Руф Яковлевич Смирнов, студент
«Записки натуралиста и охотника Московской губернии». Для чего буду вырабатывать язык. Однако же я уклонился в сторону. За Шульбаховым уроком сидел протоиерей Пимен — филолог, который уже около двух недель шляется к нам. Между прочим, спрашивали и меня. Я ответил ничего себе. На третьем уроке — Шварц. Этот урок проходит довольно оживленно, отчасти потому, что мы бываем внимательны, отчасти благодаря методу преподавания Шварца. Его урок выделяется из числа других уроков, однако же он также утомляет довольно сильно, благодаря настоящему напряженному состоянию. Большая перемена проходит. Далее следует немецкий. Прежде всего, благодаря тому, что экзамена не будет, на уроке буквально ничего не делаем. Потому он проходит весьма весело. Михаил Михайлович в двадцатый раз повторяет свои анекдоты и каламбуры, рассказывает разные немецкие остроты, песенки, иногда довольно сальные.

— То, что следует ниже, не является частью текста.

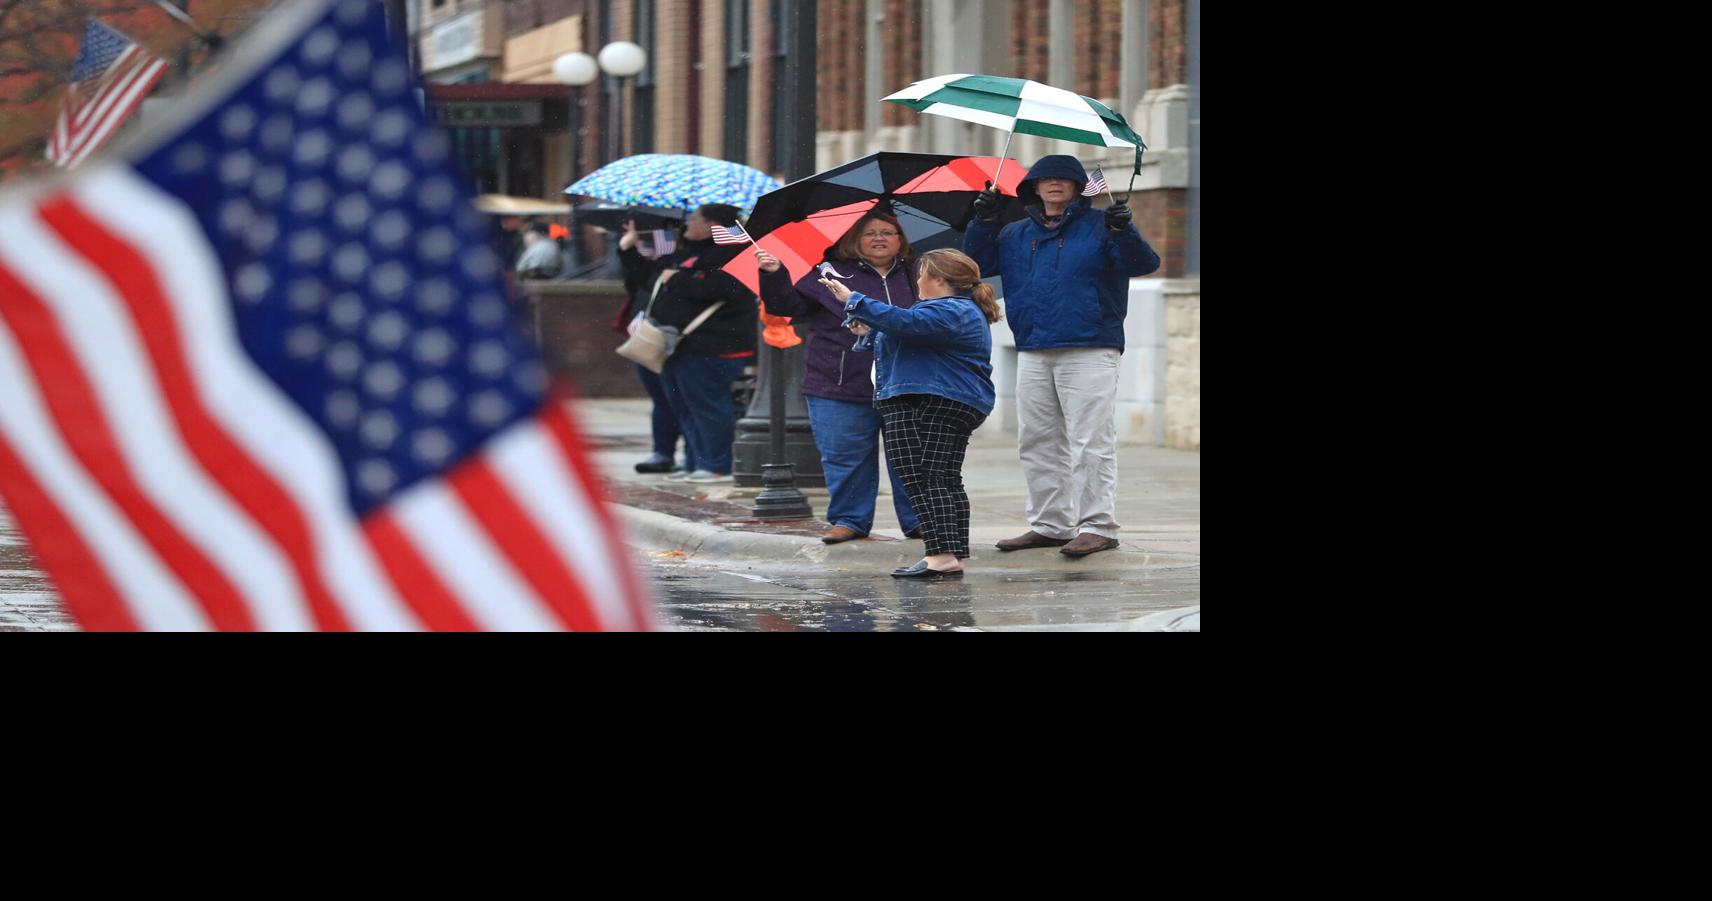 The Council Bluffs Veterans Day Parade must go on — rain or shine

Просто тошнит. Некуда деваться от скуки. Каждую минуту открываем часы. Урок, наконец, кончается. Тут мы удираем вниз на гимнастику. Хотя это строго запрещено. Нас раза два заставали и гоняли с внушительнейшей нотацией. Там влезу на двойную лестницу, покачаюсь на канате, влезу на шест, спрыгну с самой высокой ступени лестницы. Снизу бегом выберусь по лестнице. Потом целый час такой же самой убийственной скуки. Хорошо еще есть correctum написать. Физик боится нас, останавливает, а то — хоть помирать! Щелкан обыкновенно спит, но я этого не могу, потому что сижу прямо перед глазами учителя. Наконец, «Классы кончены»! Объявляется Николай Александрович, просунувши голову в дверь, и мы идем домой. Приходится спорить, где идти — Арбатом или переулками. Дома читаю, хожу гулять (большей частью в библиотеку), учу уроки, жду Рождества, лета и окончания курса.